COLLECTED DATA =
· · · ·

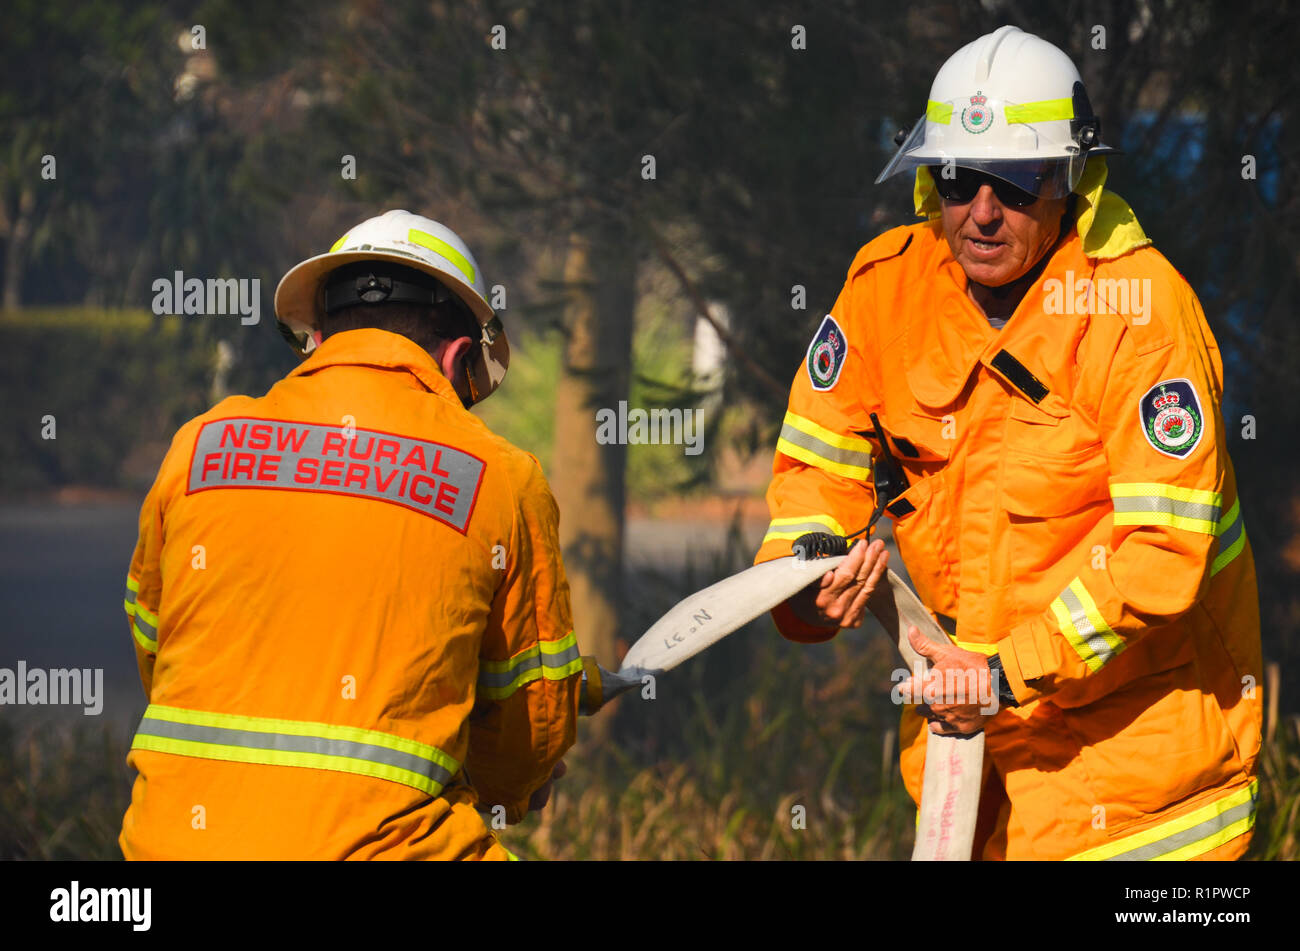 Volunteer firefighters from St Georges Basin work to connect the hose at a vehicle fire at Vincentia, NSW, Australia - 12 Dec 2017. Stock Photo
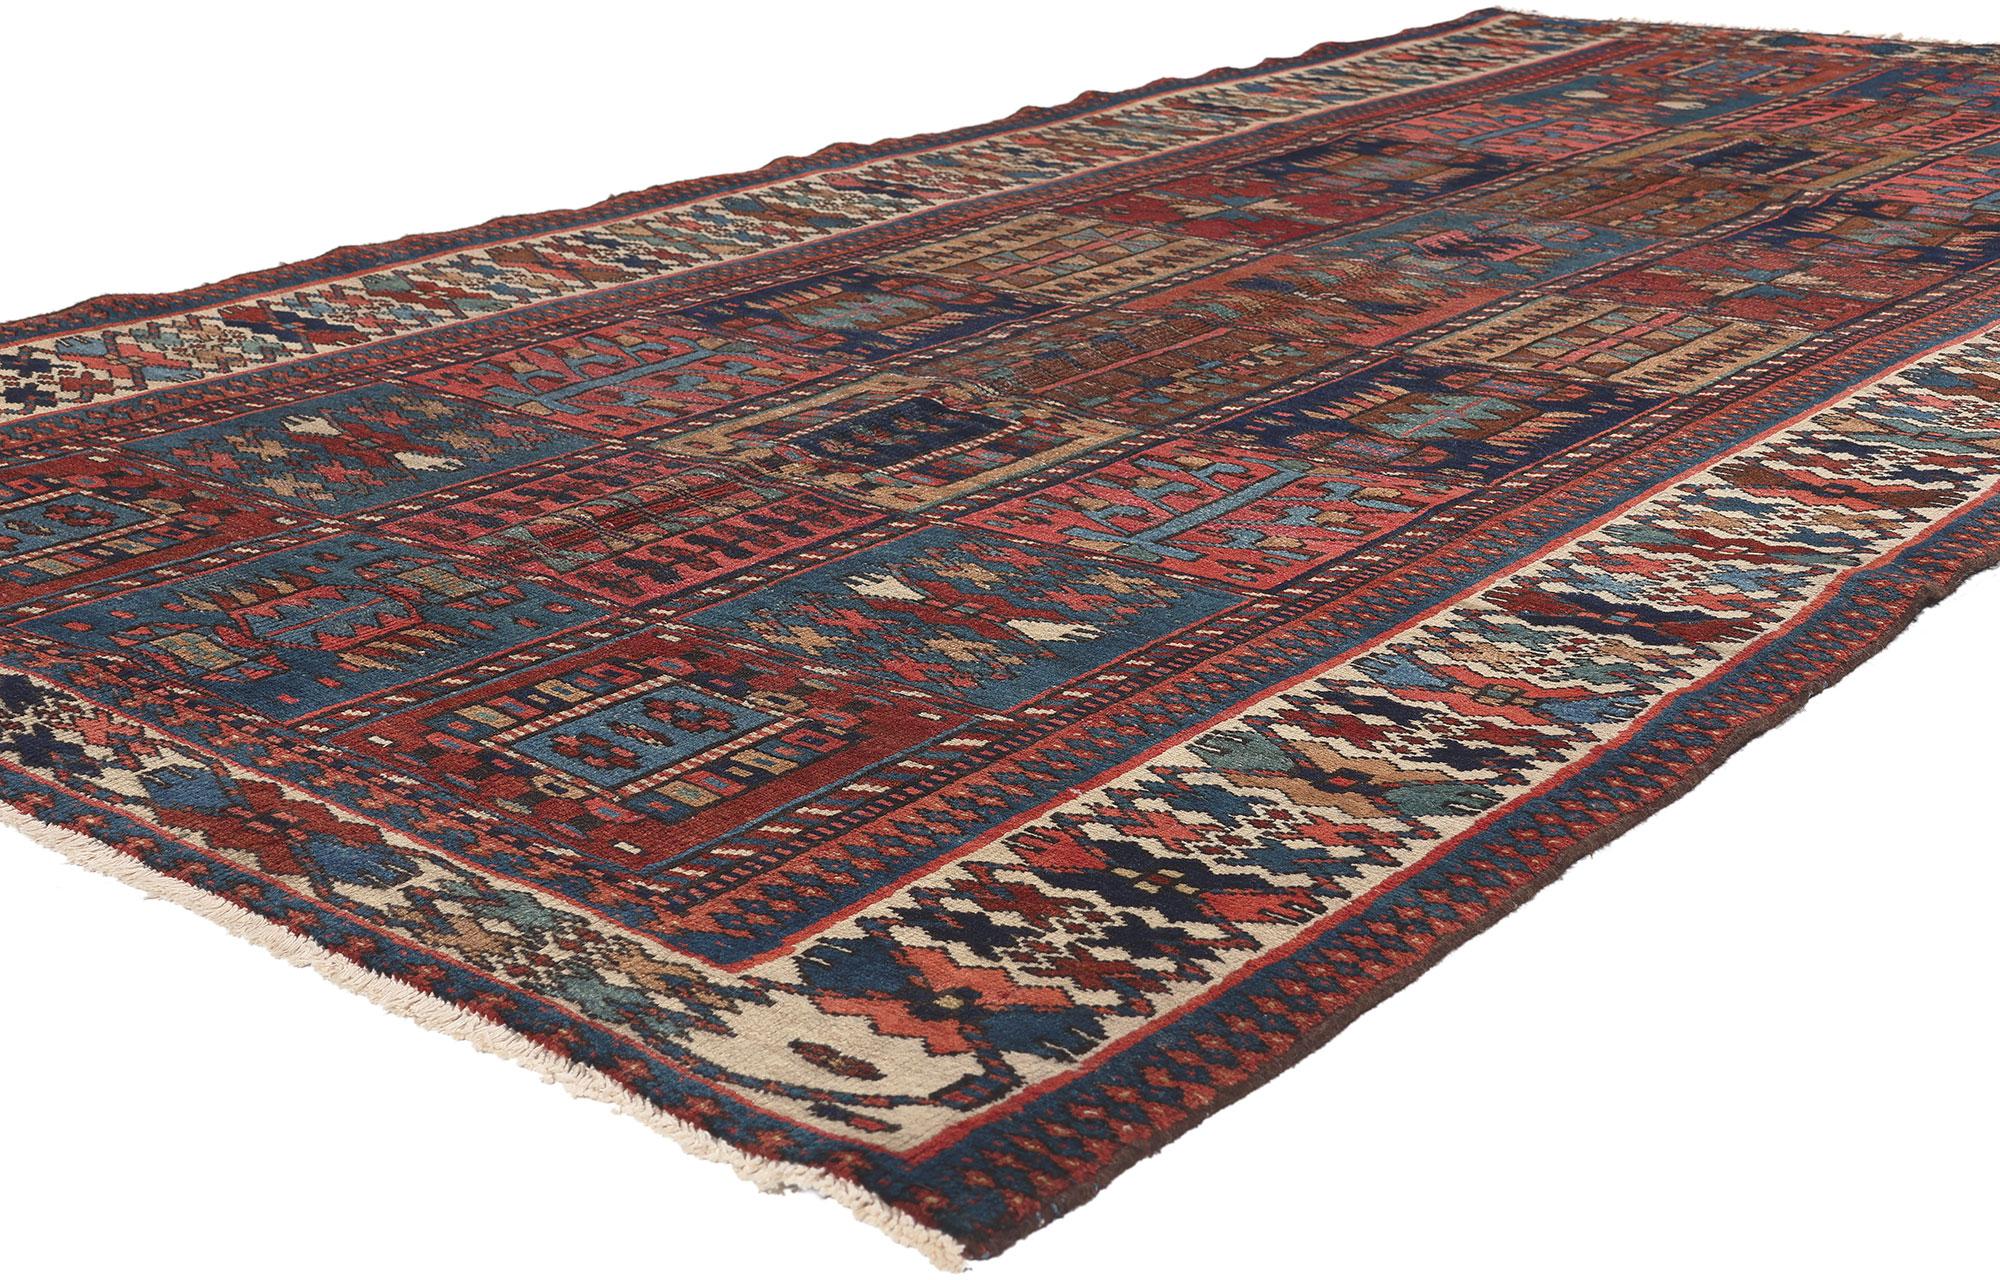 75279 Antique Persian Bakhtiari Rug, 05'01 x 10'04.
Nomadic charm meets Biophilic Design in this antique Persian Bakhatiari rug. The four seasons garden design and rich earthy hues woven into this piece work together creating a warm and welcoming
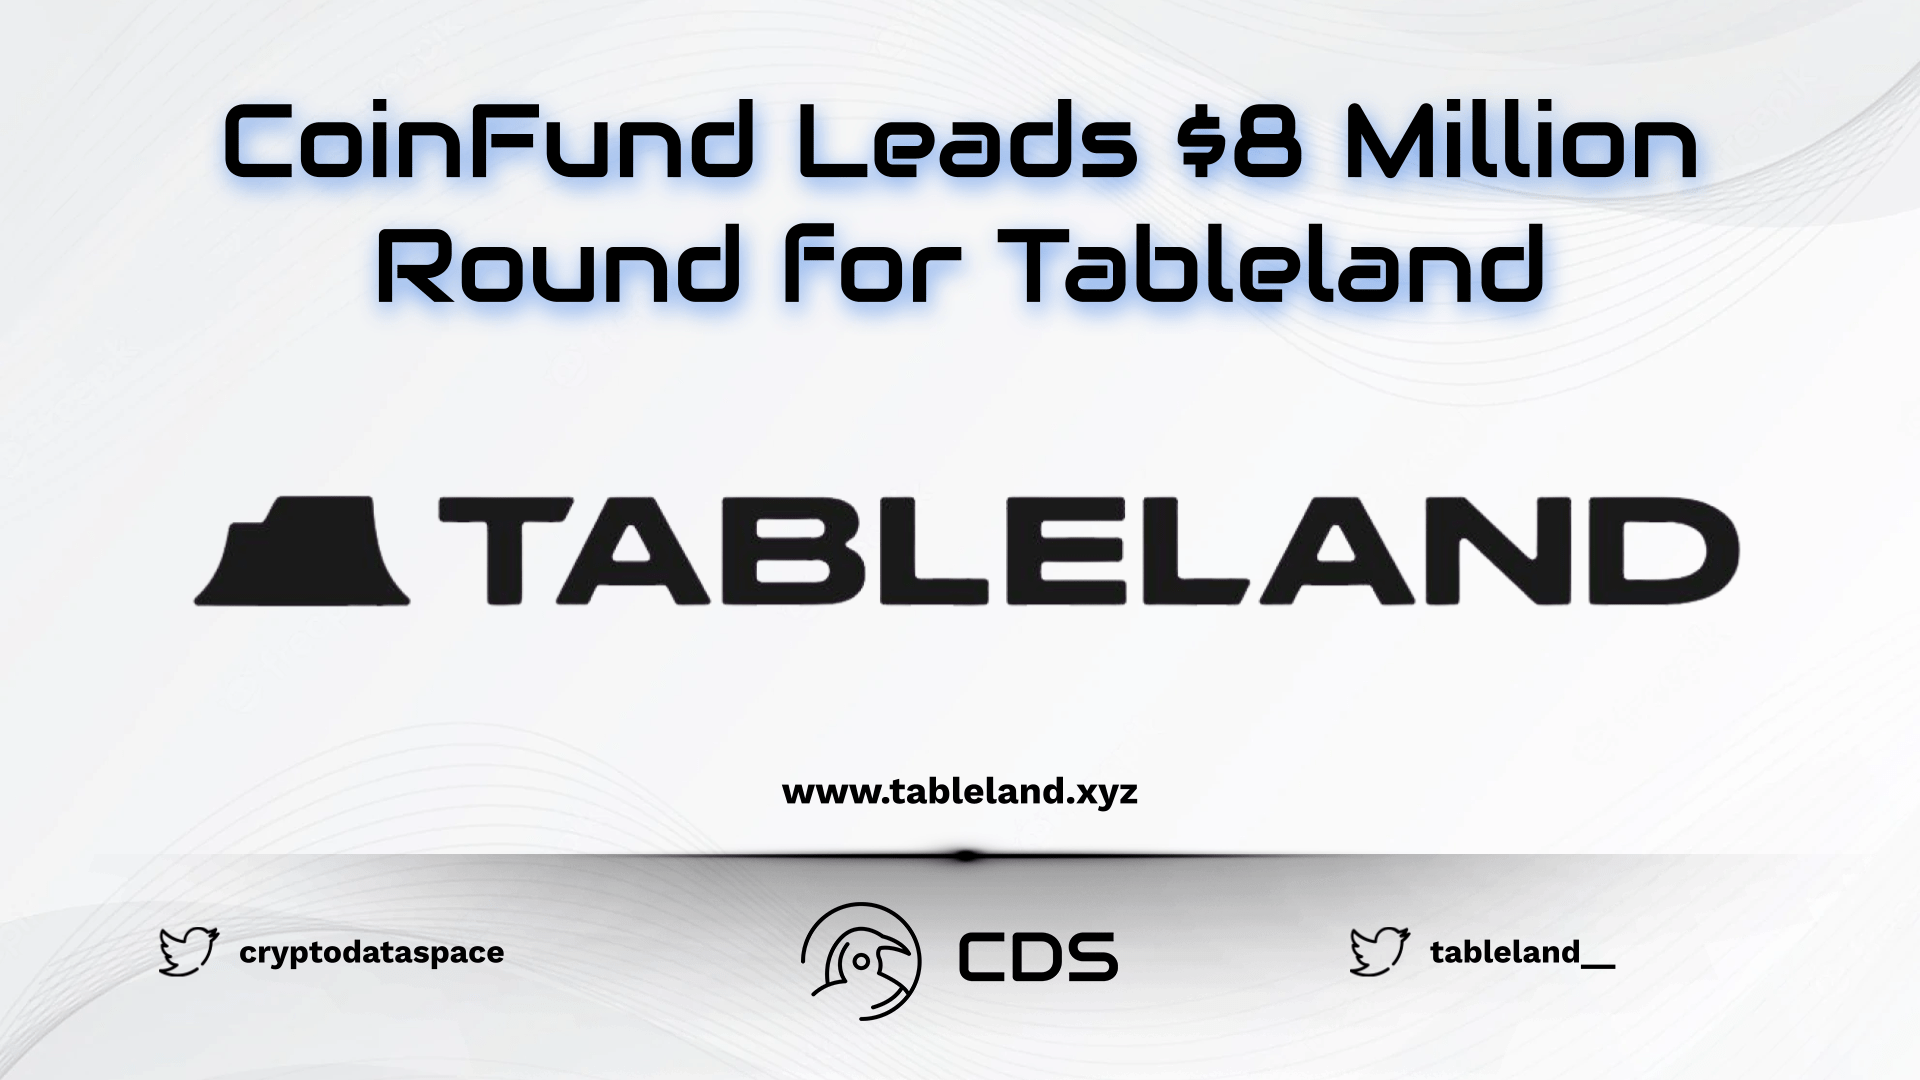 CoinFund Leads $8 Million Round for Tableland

· · · ·

Restate each line above exactly, keeping pictures out.

 Volunteer firefighters from St Georges Basin work to connect the hose at a vehicle fire at Vincentia, NSW, Australia - 12 Dec 2017. Stock Photo
 75279 Antique Persian Bakhtiari Rug, 05'01 x 10'04.
Nomadic charm meets Biophilic Design in this antique Persian Bakhatiari rug. The four seasons garden design and rich earthy hues woven into this piece work together creating a warm and welcoming
 CoinFund Leads $8 Million Round for Tableland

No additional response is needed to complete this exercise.